The Department of Labor’s Deregulatory Agenda Attacks All Workers 

This statement can be attributed to Lorena Roque, Interim Director of Education, Labor, and Worker Justice of the Center for Law and Social Policy (CLASP)  

Washington, D.C., July 16, 2025 – Last week, U.S. Department of Labor (DOL) Secretary Lori Chavez-DeRemer announced the department’s deregulatory efforts, which include 63 actions that will harm workers and working families. 

Under the guise of “putting the American worker first,” the DOL’s plan in the Wage and Hour department includes eliminating minimum wage and overtime protections for millions of home health care and domestic workers under the Fair Labor Standards Act (FLSA), while also proposing to classify caregivers as exempt from FLSA minimum wage and overtime protections. Coming at a time when families are already in a child care and caregiving crisis, these proposed cuts only exacerbate the precariousness of these jobs and their already low wages. DOL also plans to rescind Biden-era proposed rules aimed at ending subminimum wages for workers with disabilities and the right to collective action for Seasonal H-2A visas. 

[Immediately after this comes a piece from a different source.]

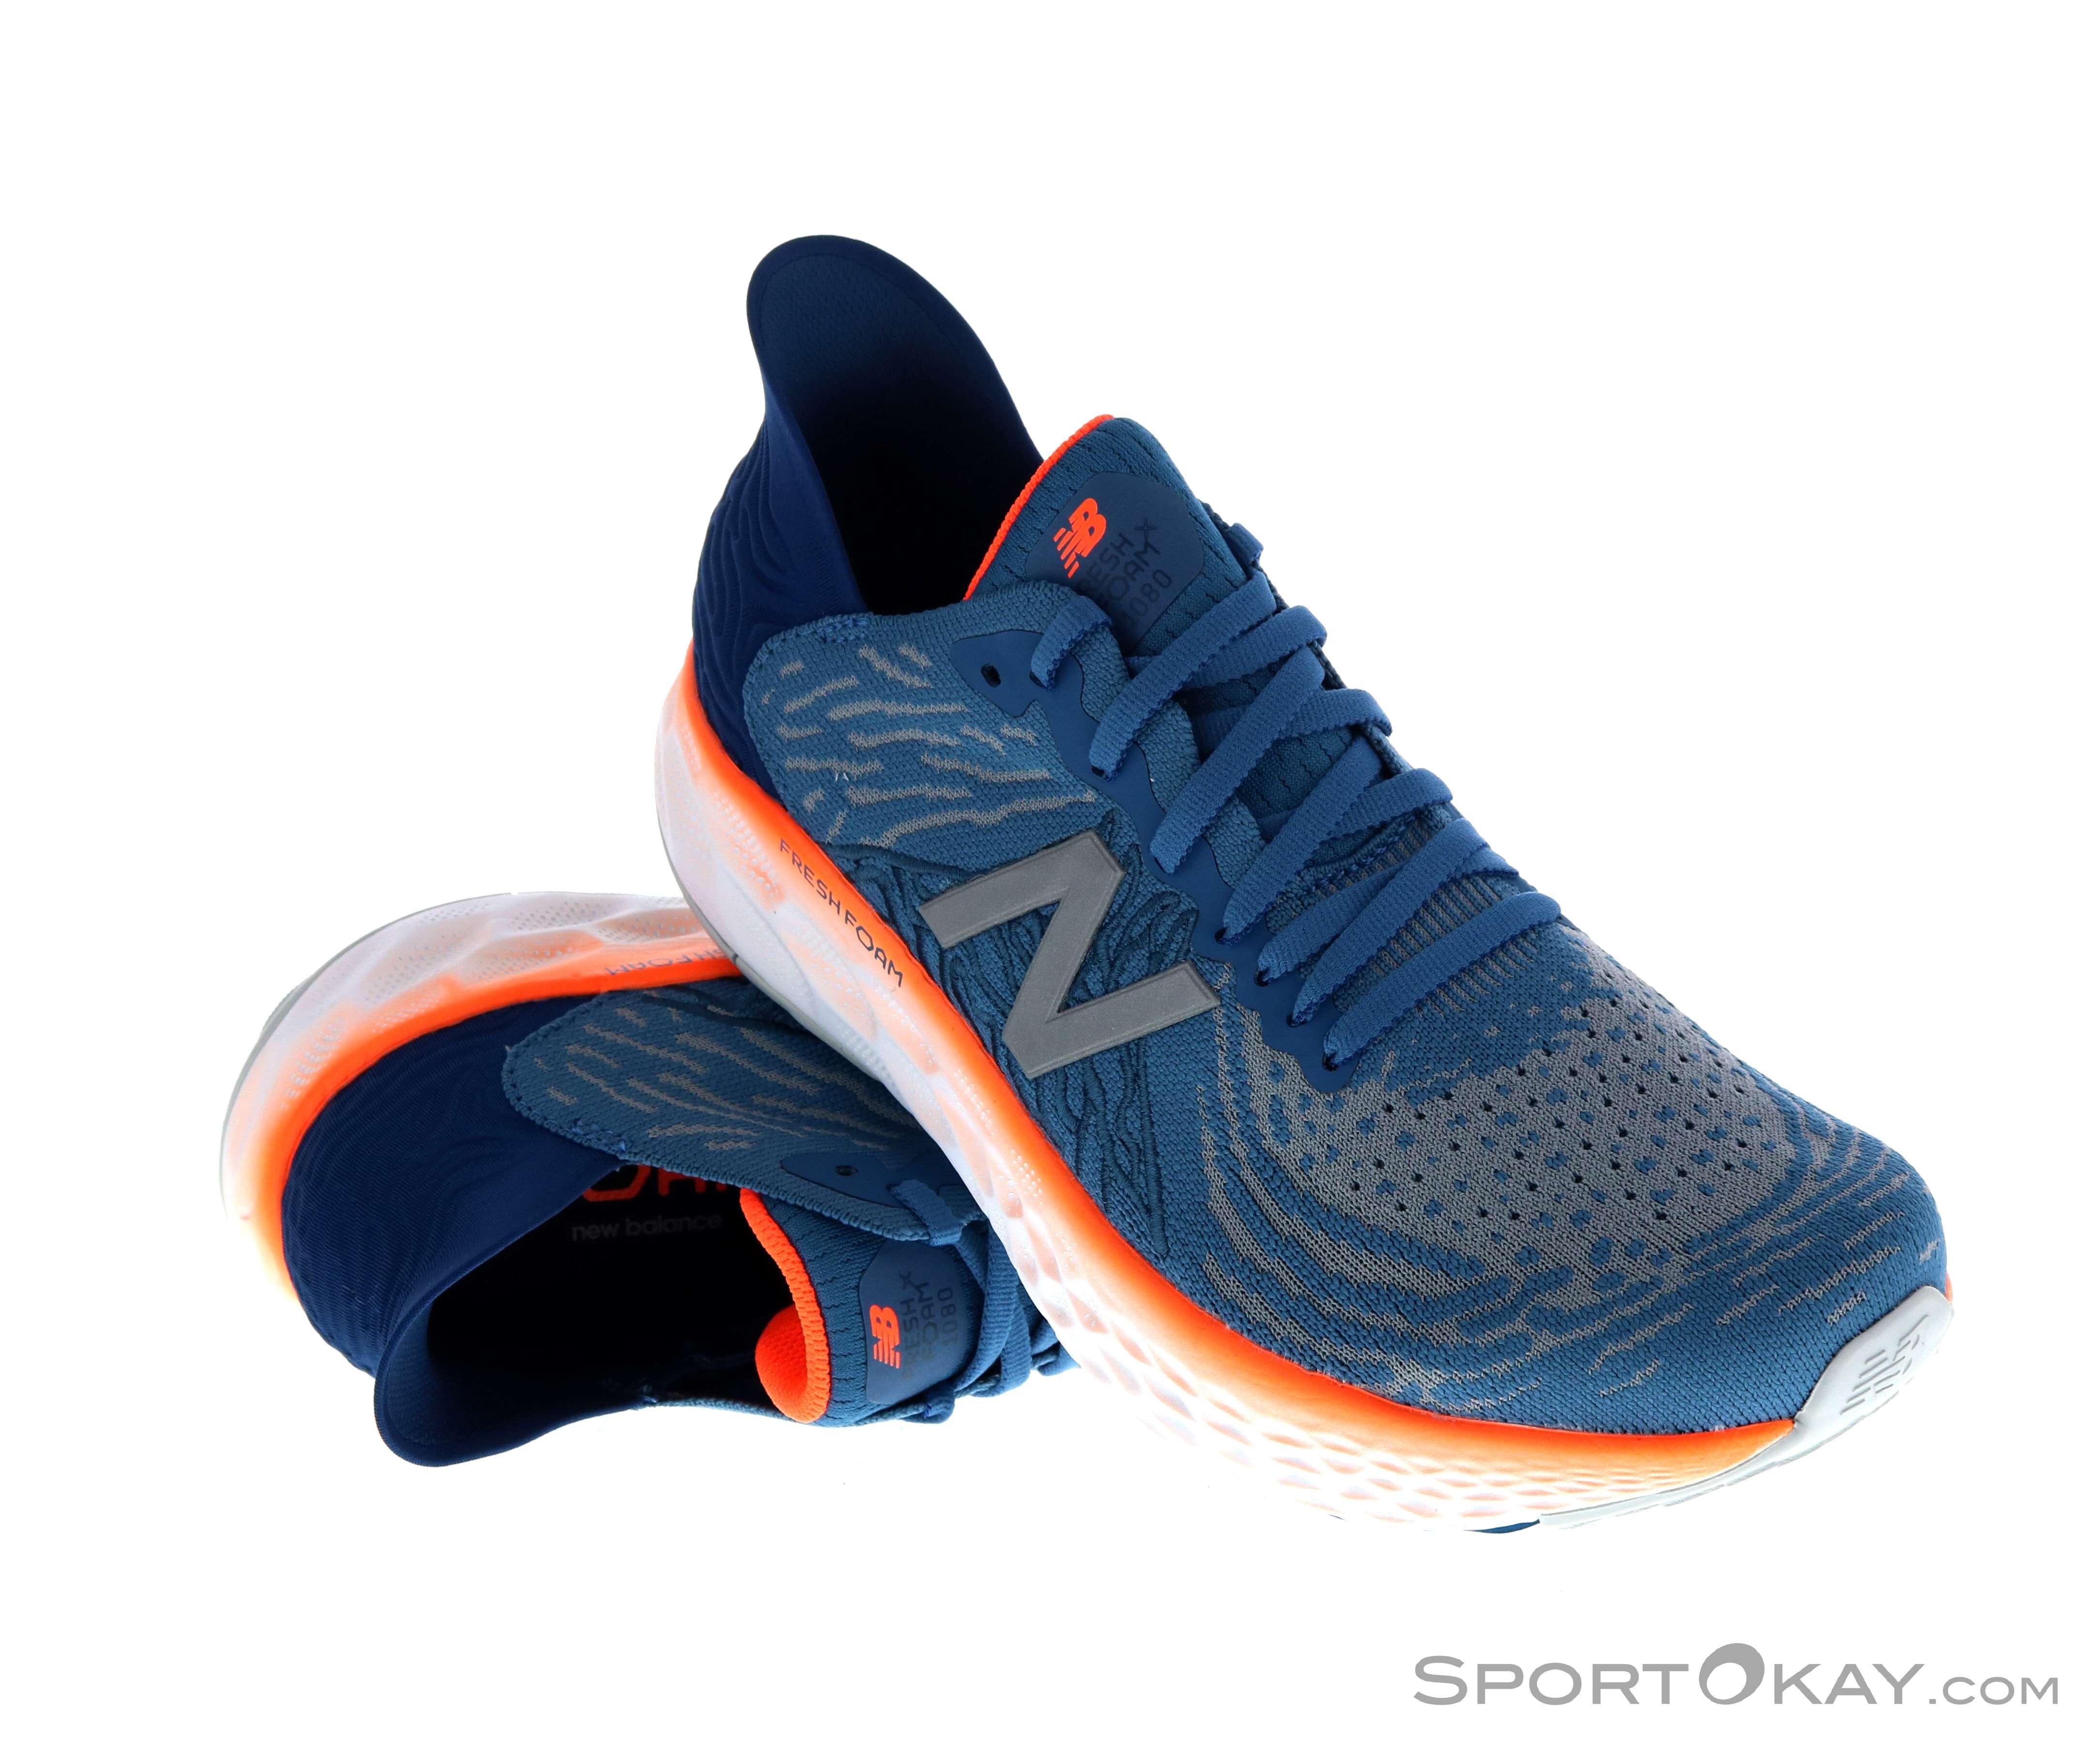 New Balance Fresh Foam 1080 V10 Mens Trail Running Shoes - Trail ...

On worker safety protections, DOL intends to revise reporting thresholds, training mandates, and change enforcement priorities and inspection frequencies at the Occupational Safety and Health Administration (OSHA). This proposed rule would limit OSHA’s capacity to oversee work that is inherently hazardous, like the sports and entertainment industries. The DOL also plans to deregulate respiratory protection requirements and substance-specific safety standards in high-risk industries and remove some OSHA regulations entirely for migrant farmworkers, including a longstanding rule that outlines the internal procedures of DOL for coordinating enforcement action among OSHA, the Wage and Hour Division, and the Employment and Training Administration. The agency also proposes slashing critical workplace safety standards in the construction field that deal with hazard prevention and the informed development of safety rules.

The Trump Administration recently announced its goal of creating over 1 million apprenticeships for workers in the country. At the same time, by rescinding affirmative action requirements for these programs, the administration is destroying the labor infrastructure it claims to want to build up. This is only the latest attack on workers and working families from the Trump Administration, which has used numerous executive orders and immigration enforcement to attack unions and their leaders. 

We urge our partners and allies to submit public comments where possible and join us in opposing efforts to strip away essential protections from working families and undermine labor unions that fought hard to secure the rights we have as workers in this country.